El nivel del mar en las costas de las Islas Caimán se presenta como una gradación que el ojo puede leer sin instrumentos: turquesa claro cuando el fondo arenoso se acerca a la superficie, azul intenso a medida que la profundidad gana terreno y el horizonte se vuelve una línea recta sobre el Caribe. El archipiélago, de forma alargada, está compuesto por tres islas principales —Gran Cayman, Little Cayman y Cayman Brac— y concentra, según los registros disponibles, más de sesenta mil habitantes provenientes de más de cien países, una cifra que refleja el carácter cosmopolita de un territorio convertido en nodo financiero y, al mismo tiempo, en destino de turismo de naturaleza.

Una capital con dos vocaciones

George Town, la capital, funciona como el corazón administrativo y comercial del archipiélago.

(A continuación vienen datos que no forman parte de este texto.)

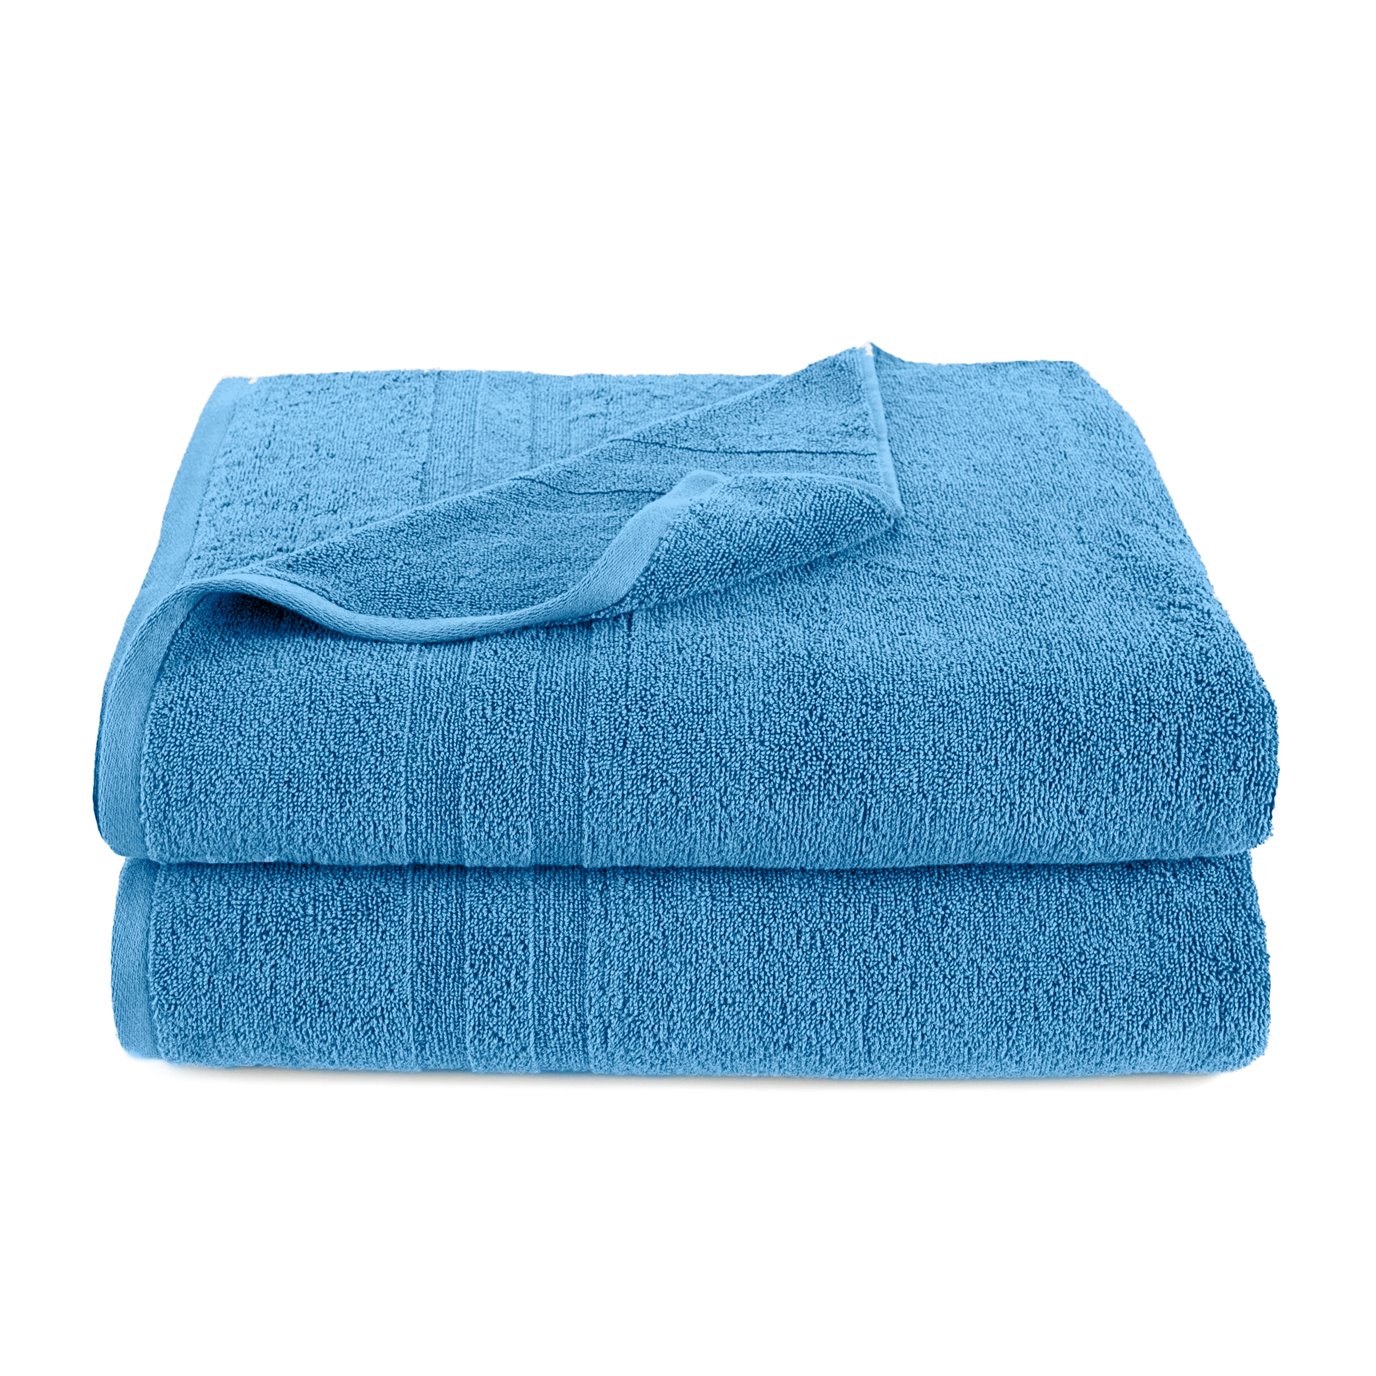 Martex Purity 2-Piece Blue Bath Sheet Set

En su frente costero se concentran los muelles donde atracan los cruceros, los comercios que abastecen a residentes y visitantes, y un Museo Nacional de construcción pequeña frente al mar que repasa la historia local. La misma ciudad aloja, según los datos publicados, más de seiscientas firmas bancarias registradas, lo que explica que la actividad financiera conviva a pocas cuadras con el ritmo pausado de las calles y con las iglesias donde los domingos, tras la misa, se sirve un brunch extendido que forma parte de la tradición local. La gastronomía, por su parte, refleja la mezcla de orígenes de la población: arroces, guisos, pescados fritos y platos picantes comparten espacio en los menús sin que predomine una sola corriente.

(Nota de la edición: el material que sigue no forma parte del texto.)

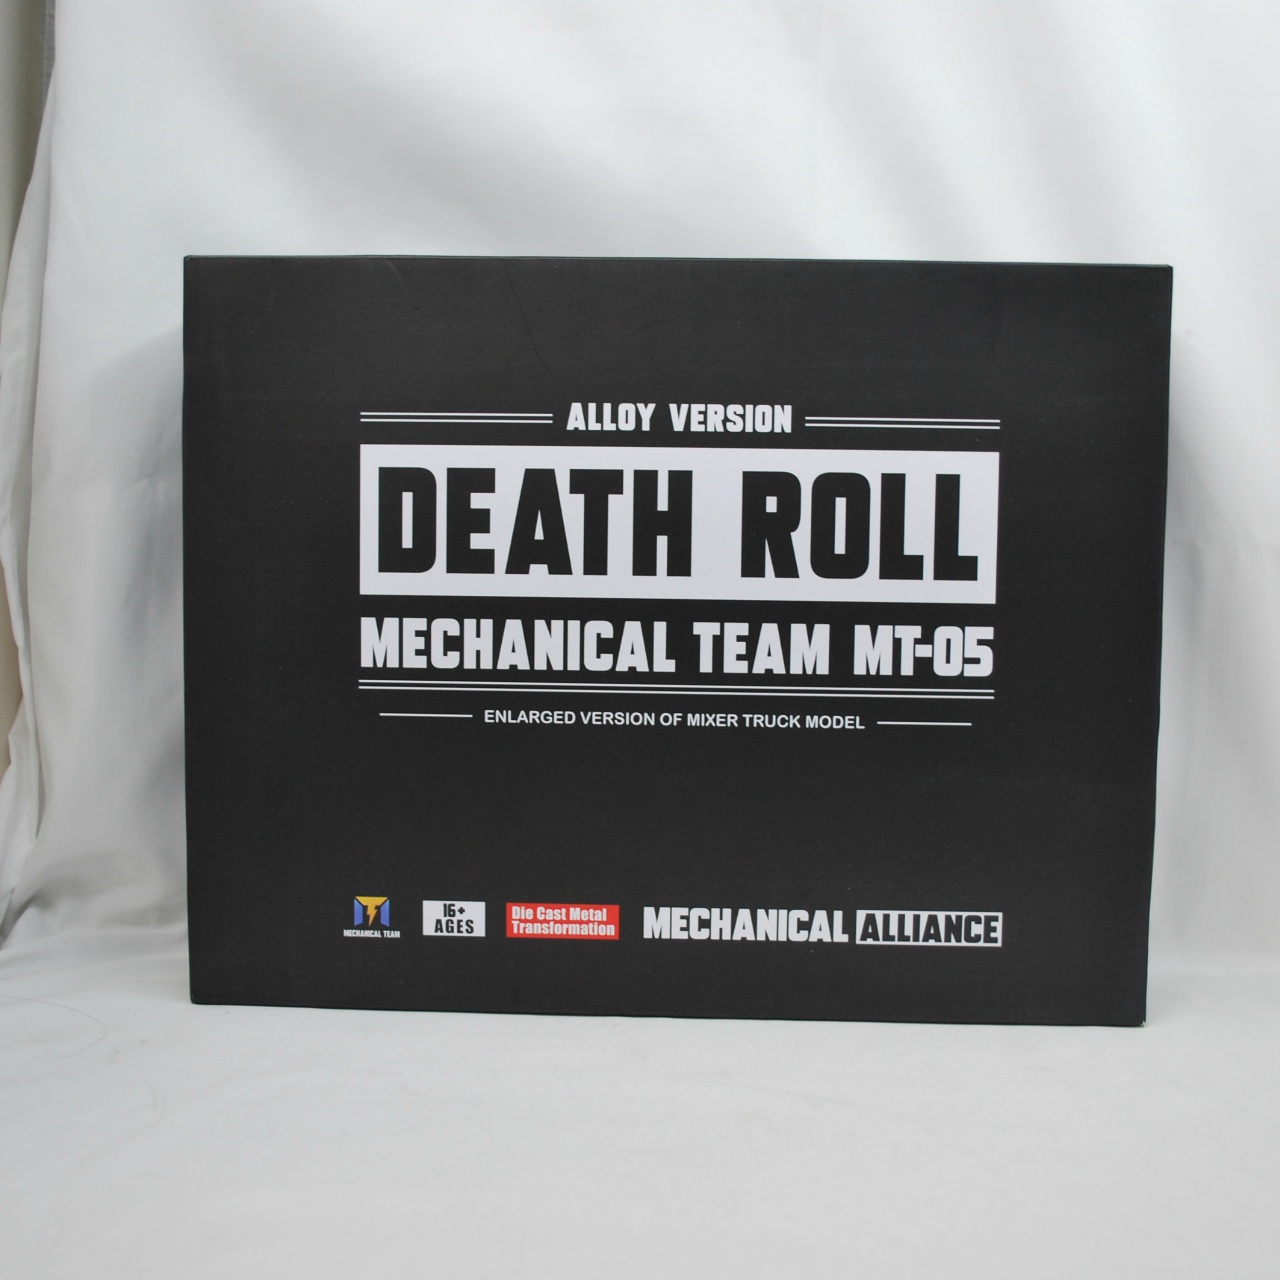 MECHANICAL TEAM MT-05 DEATH ROLL ALLOY VERSION

Playas, buceo y un banco de arena habitado por mantarrayas

La playa más conocida del archipiélago es la de Siete Millas, en Gran Cayman, una franja de arena fina bañada por agua a temperatura constante durante buena parte del año. En la superficie, el snorkel y el paddleboarding concentran a quienes prefieren no sumergirse, mientras que los buzos encuentran propuestas diferenciadas en cada isla: arrecifes poco profundos y naufragios históricos en Gran Cayman; túneles y grietas que conducen al arrecife de Bloody Bay en Little Cayman; y un buque de guerra hundido junto a bancos de peces en Cayman Brac.

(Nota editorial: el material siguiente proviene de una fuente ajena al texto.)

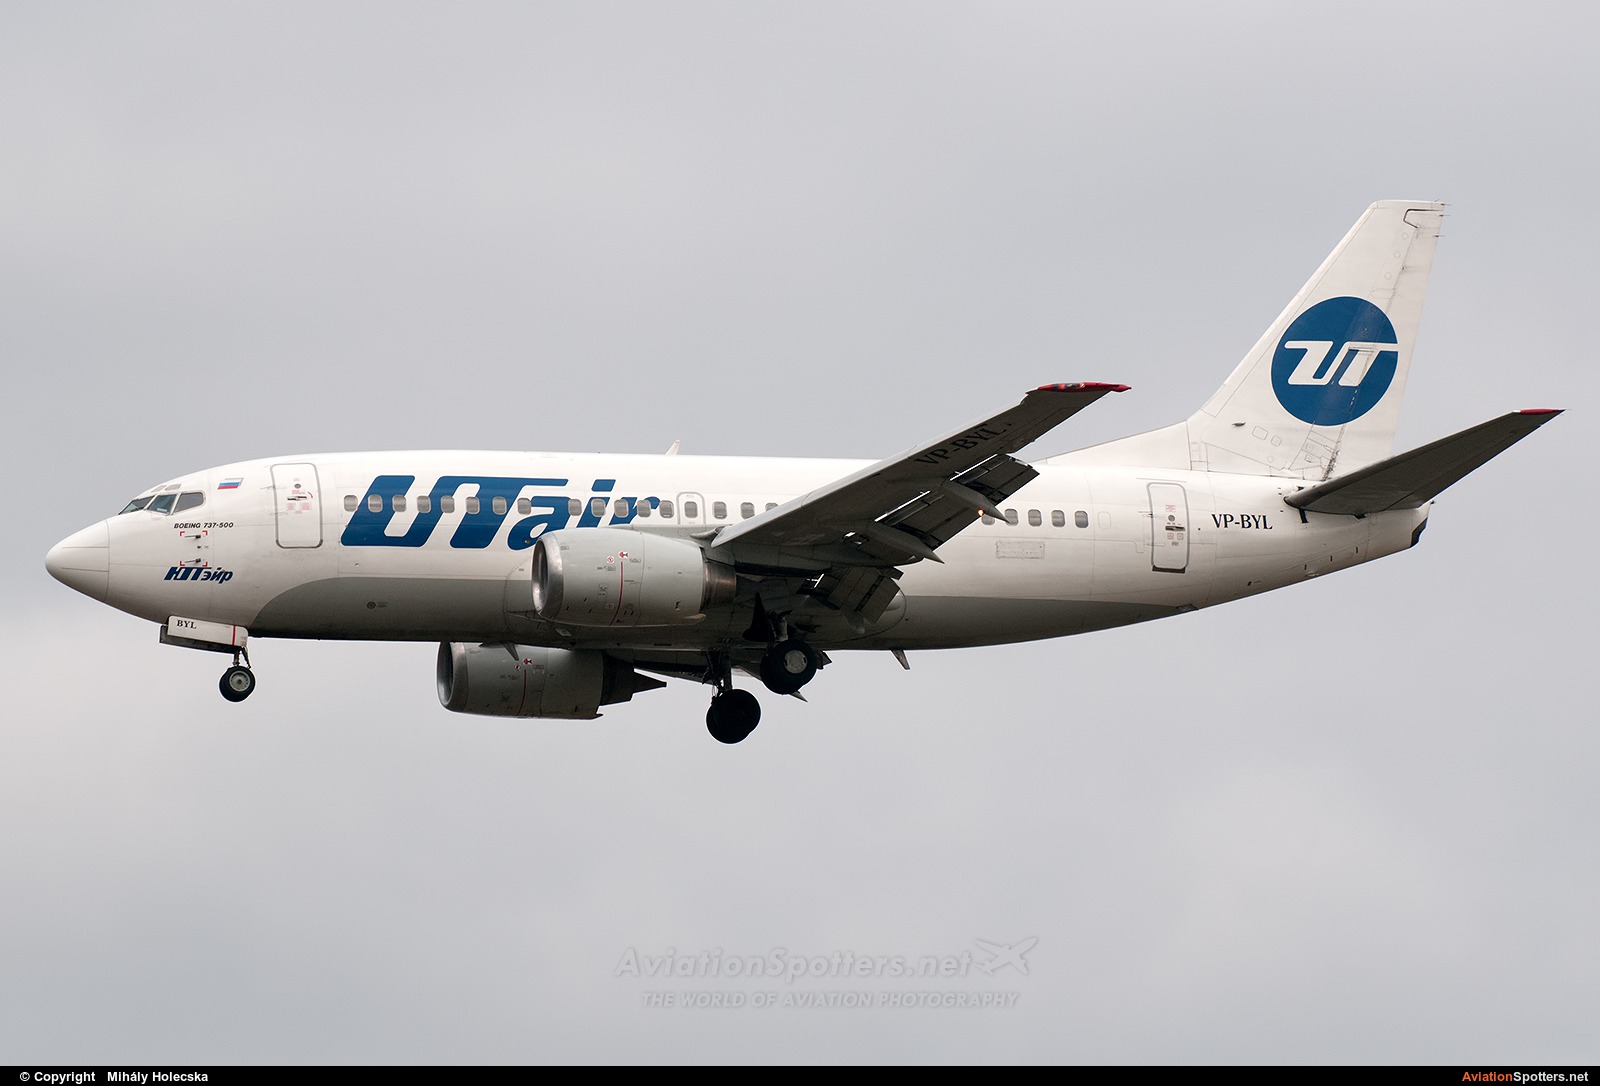 UTair  -  737-500  (VP-BYL) By Mihály Holecska (Misixx)

A pocos kilómetros de la costa, sobre un banco de arena, vive una colonia de mantarrayas acostumbrada a la presencia humana desde hace más de cuatro décadas. El hábito comenzó cuando los barcos pesqueros descartaban en ese punto los restos de sus capturas; los animales aprendieron a acercarse y, según relatan los operadores locales, nunca se fueron. Hoy los tours llevan a los visitantes al agua y las mantarrayas, de entre dos y cinco metros de largo, nadan entre las personas, las rozan y se dejan observar a centímetros de distancia. Los guías las reconocen por nombre.

De Las Tortugas a las Islas Caimán

El nombre original del archipiélago fue Las Tortugas, impuesto por exploradores europeos alrededor de 1503 tras encontrar gran cantidad de estos animales en las costas. Hacia 1530, la denominación derivó hacia los caimanes que habitaban las aguas y así quedó registrado el topónimo actual. Quienes planean un viaje pueden consultar los reportes meteorológicos locales para evaluar el estado del mar antes de cada salida de buceo, y verificar con los operadores turísticos las condiciones de visibilidad en los puntos de inmersión, ya que la experiencia varía según la jornada.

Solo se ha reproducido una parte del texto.